Хотя личное бессмертие после смерти – это иллюзия, тем не менее в человеческой душе имеется нечто вечное. Душа может воображать или вспоминать, только пока продолжает существовать тело, но в Боге существует идея, выражающая сущность того или другого человеческого тела в форме вечности, и эта идея является вечной частью души. Интеллектуальная любовь к Богу, когда ее испытывает индивидуум, заключена в этой вечной части души.

Благословенность, которая заключается в любви к Богу, не есть награда за добродетель, но сама добродетель, и мы наслаждаемся ей не потому, что обуздываем свои страсти, но, наоборот, вследствие того, что мы наслаждаемся ей, мы в состоянии обуздывать свои страсти.

«Этика» заканчивается такими словами:

 

«Мудрый как таковой едва ли подвергнется какому‑либо душевному волнению; познавая с некоторой вечной необходимостью себя самого, Бога и вещи, он никогда не прекращает своего существования, но всегда обладает истинным душевным удовлетворением. Если же путь, который, как я показал, ведет к этому, и кажется весьма трудным, однако все же его можно найти. Да он и должен быть трудным, ибо его так редко находят. В самом деле, если бы спасение было у всех под руками и могло бы быть найдено без особого труда, то как же могли бы почти все пренебрегать им? Но все прекрасное так же трудно, как и редко».

 

Давая критическую оценку значения Спинозы как философа, необходимо отделить его этику от его метафизики и рассмотреть, как много из первой может выжить после отказа от последней.
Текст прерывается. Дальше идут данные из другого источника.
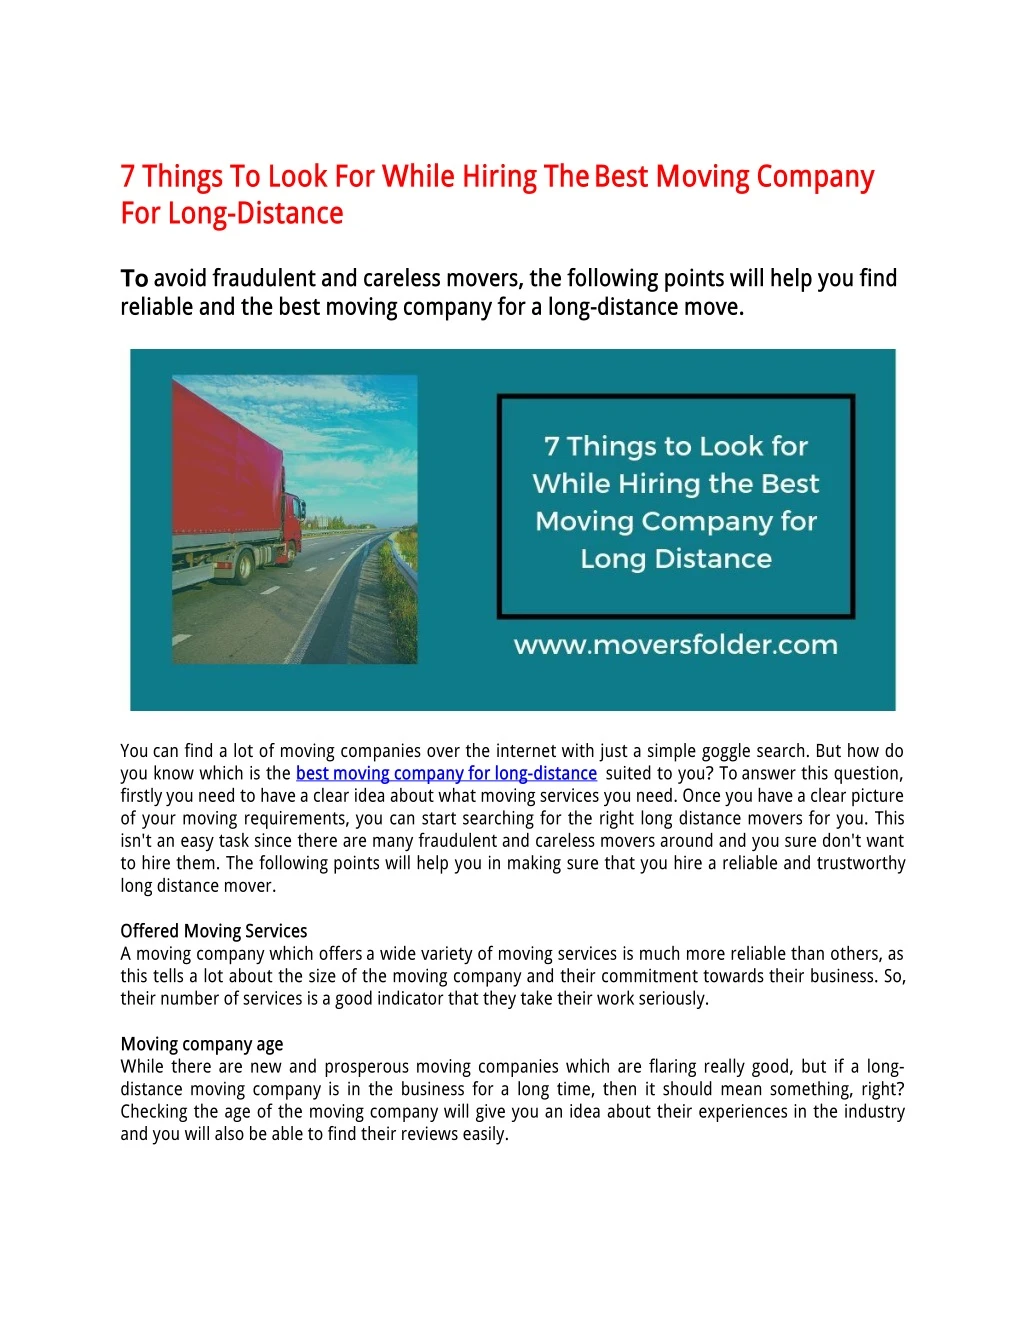 7 things to look for while hiring the best moving

Метафизика Спинозы является лучшим примером того, что можно назвать «логическим монизмом», а именно – доктрины о том, что мир в целом есть единая субстанция, ни одна из частей которой логически не способна существовать самостоятельно. Исходной основой этого взгляда является убеждение в том, что каждое предложение имеет один субъект и один предикат, что ведет нас к заключению о том, что отношения и множественность должны быть иллюзорными. Спиноза думал, что природа мира и человеческой жизни могла бы быть логически выделена из самоочевидных аксиом; нам нужно так же покориться событиям, как мы покоряемся факту, что два плюс два – четыре, так как то и другое в одинаковой степени есть результат логической необходимости. В целом эту метафизику принять невозможно: она несовместима с современной логикой и научным методом. Факты нужно раскрывать наблюдением, а не рассуждением: когда мы успешно делаем вывод в отношении будущего, мы делаем это при помощи принципов, которые подсказаны эмпирическими фактами, а не являются логической необходимостью. И концепция субстанции, на которую опирался Спиноза, есть концепция, которую ни наука, ни философия в наше время принять не могут.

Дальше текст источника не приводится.